UNF associate English professor Micheal Wiley’s novel “The Bad Kitty Lounge” offers up a hard-boiled detective thriller with equal parts action, mystery and comedy. ‘Kitty’ is the second in a burgeoning series which follows detective Joe Kozmarski through the Chicago streets.

While working a divorce case and spying on his client’s wife and wife’s lover, Kozmarski witnesses a man set fire to his mark’s car. He investigates the misdemeanor and soon uncovers a larger plot that ties together rich urban developers, 1960s race relations and a murdered “Virginity Nun” with a suggestive tattoo and a shady past.

Kozmarski is all the things that a detective noir hero need be: terse, reserved, divorced and alcoholic (though he’s recovering).
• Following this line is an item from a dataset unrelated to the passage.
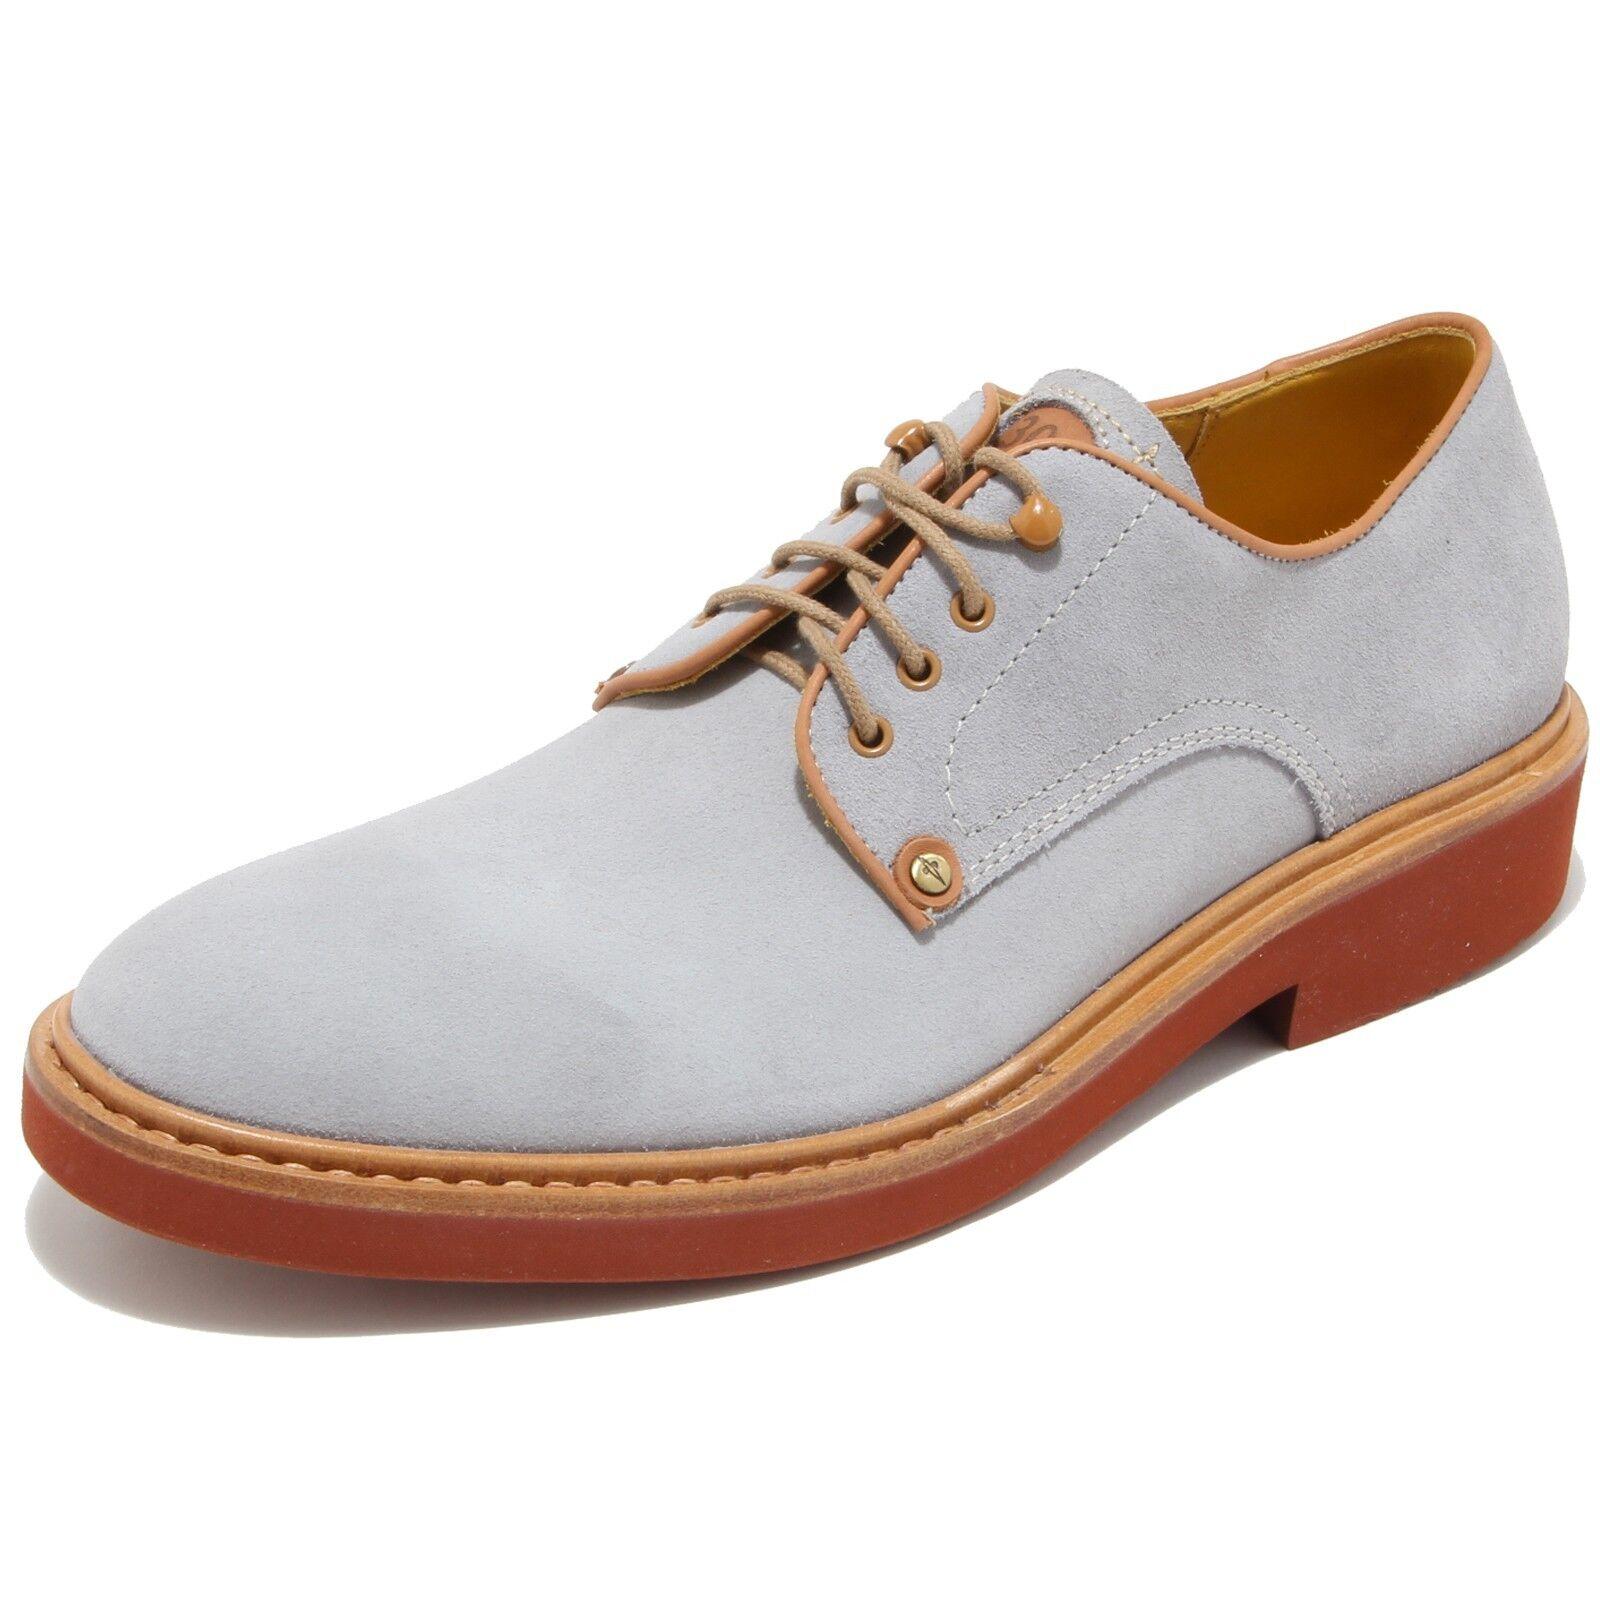 8752I scarpe uomo CESARE PACIOTTI 308 MADISON scarpa shoes men

As narrator, however, he presents himself in a light of which the other characters may only see glints. He is also a family man who takes care of his 11-year-old distant cousin Jason.

There’s a dark humor that pervades the novel as Wiley juxtaposes Kozmarki’s complex feelings with a brusque, business-like exterior. In its main character, the novel investigates the tensions between passion and obligation with no whole-hearted endorsement for either.
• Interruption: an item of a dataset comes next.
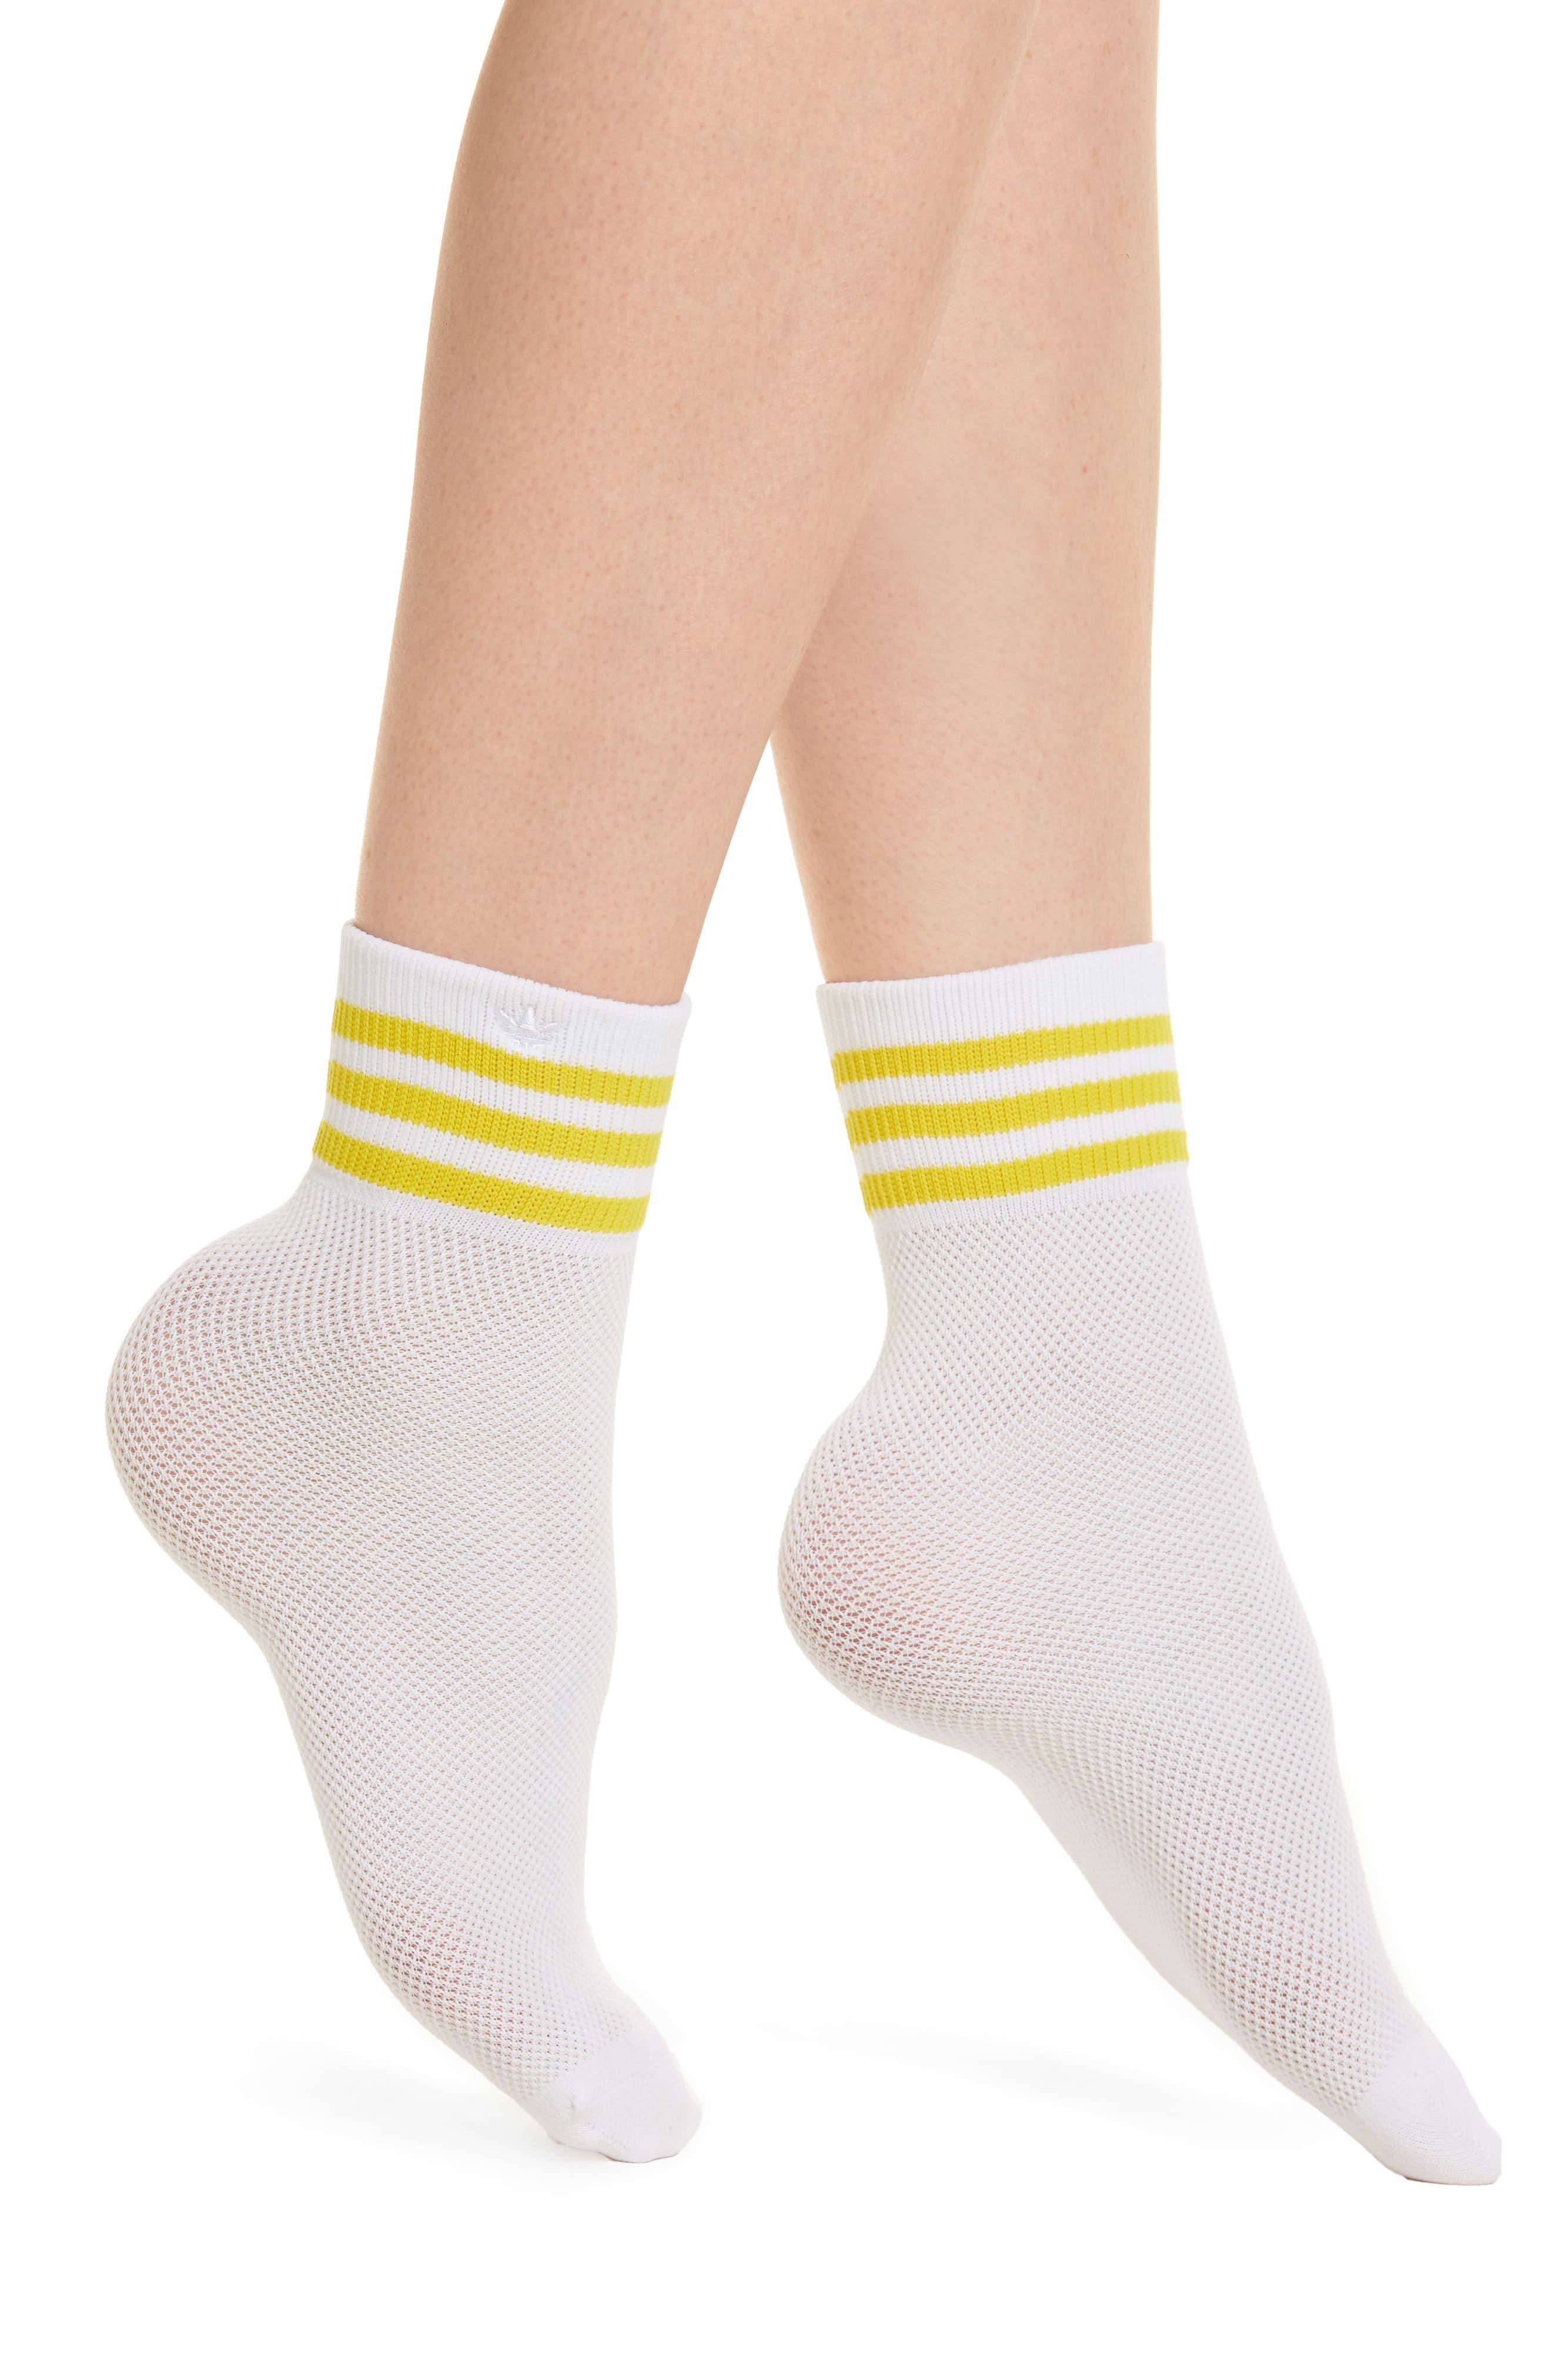 Stripe Mesh Ankle Socks,                             Main thumbnail 1, color,                             White/ Yellow

Wiley’s interest in cultural contact zones becomes very apparent in the interactions between the various ethnicities which inhabit the book. He takes Chicago’s real issues of gentrification, ghettoization and urban decay and translates them into a story that literally spans a week and figuratively spans the last century.
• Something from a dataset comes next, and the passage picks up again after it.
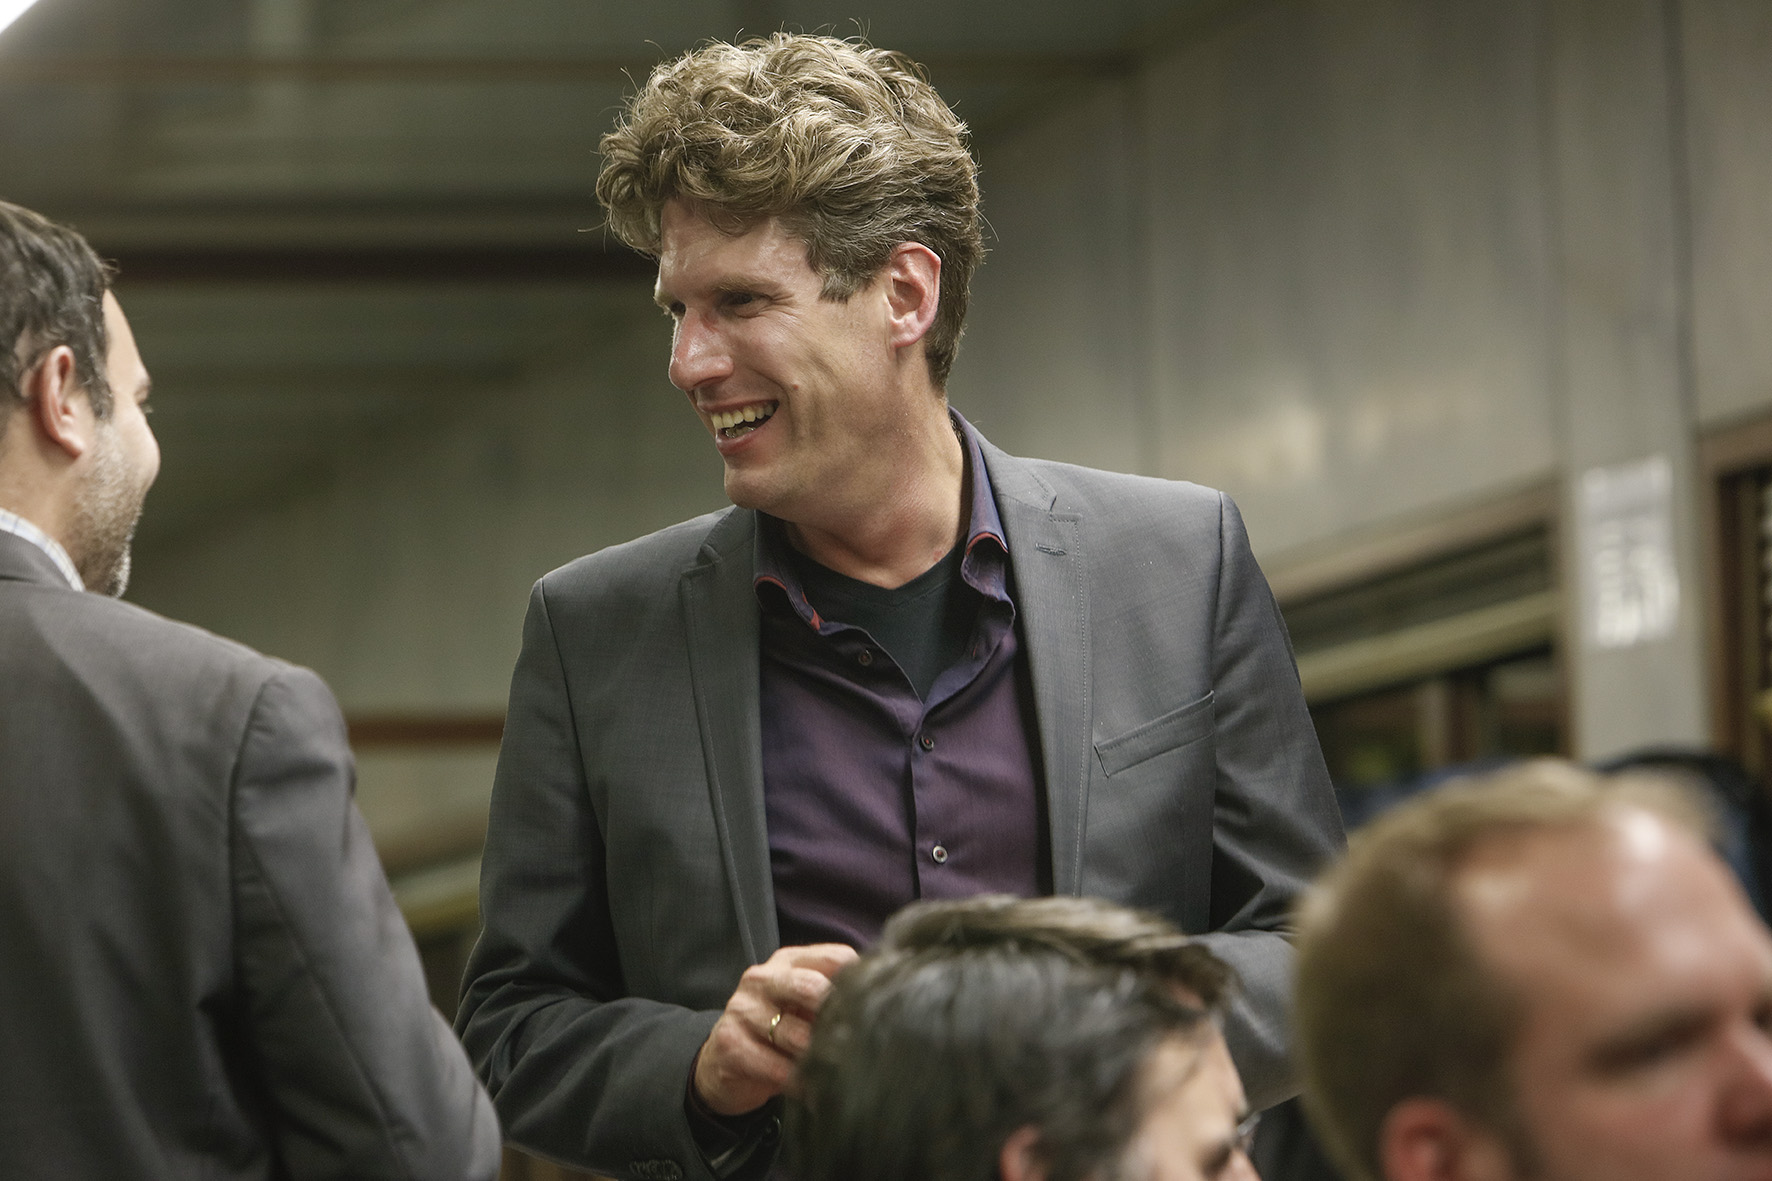 Jan-Willem Wesselink, auteur op Kennislab voor Urbanisme

Through Kozmarski, ‘Kitty’ also typifies humanity’s search for knowledge and our simultaneous resistance to being known. Various powers within the story actually pay Joe to cease his investigation, yet he continues at the risk of his and his family’s lives.

As a man who finds things out about people for a living, Kozmarski ironically resists people knowing about him. He remarks to numerous characters, “I don’t think I like you knowing so much about me.”

The notion seems to be a comment on man’s quest for epistemological superiority – or maybe I’m reading too much into it. Read it for yourself.

My biggest gripe is that for all the danger Joe courted, I never felt an inkling of worry for him or his often imperiled family. Joe has a gun to his head on more than one occasion, but the ones holding the gun never seem to want to pull the trigger despite their supposed interest in doing so. As the plot unravels, it becomes partially clear why certain forces allow Joe to live, but his seeming impenetrability frustrated me as I read.

While ‘Kitty’ was not particularly moving or deep (and I don’t mean to imply that that is a necessary condition for “good literature”), it was an extremely entertaining page-turner of a thriller. The pace was great, and I constantly wanted to know what would happen next.

The novel, it seems, would fit equally on the shelves of pedants and casual readers alike. Wiley hopes to continue writing and intends to expand his two Kozmarski books into a 12-part series, where each novel takes place during one month of the year. Wiley is currently touring in support of ‘Kitty’ with stops in Nashville, Tenn., Chicago and Phoenix among other destinations.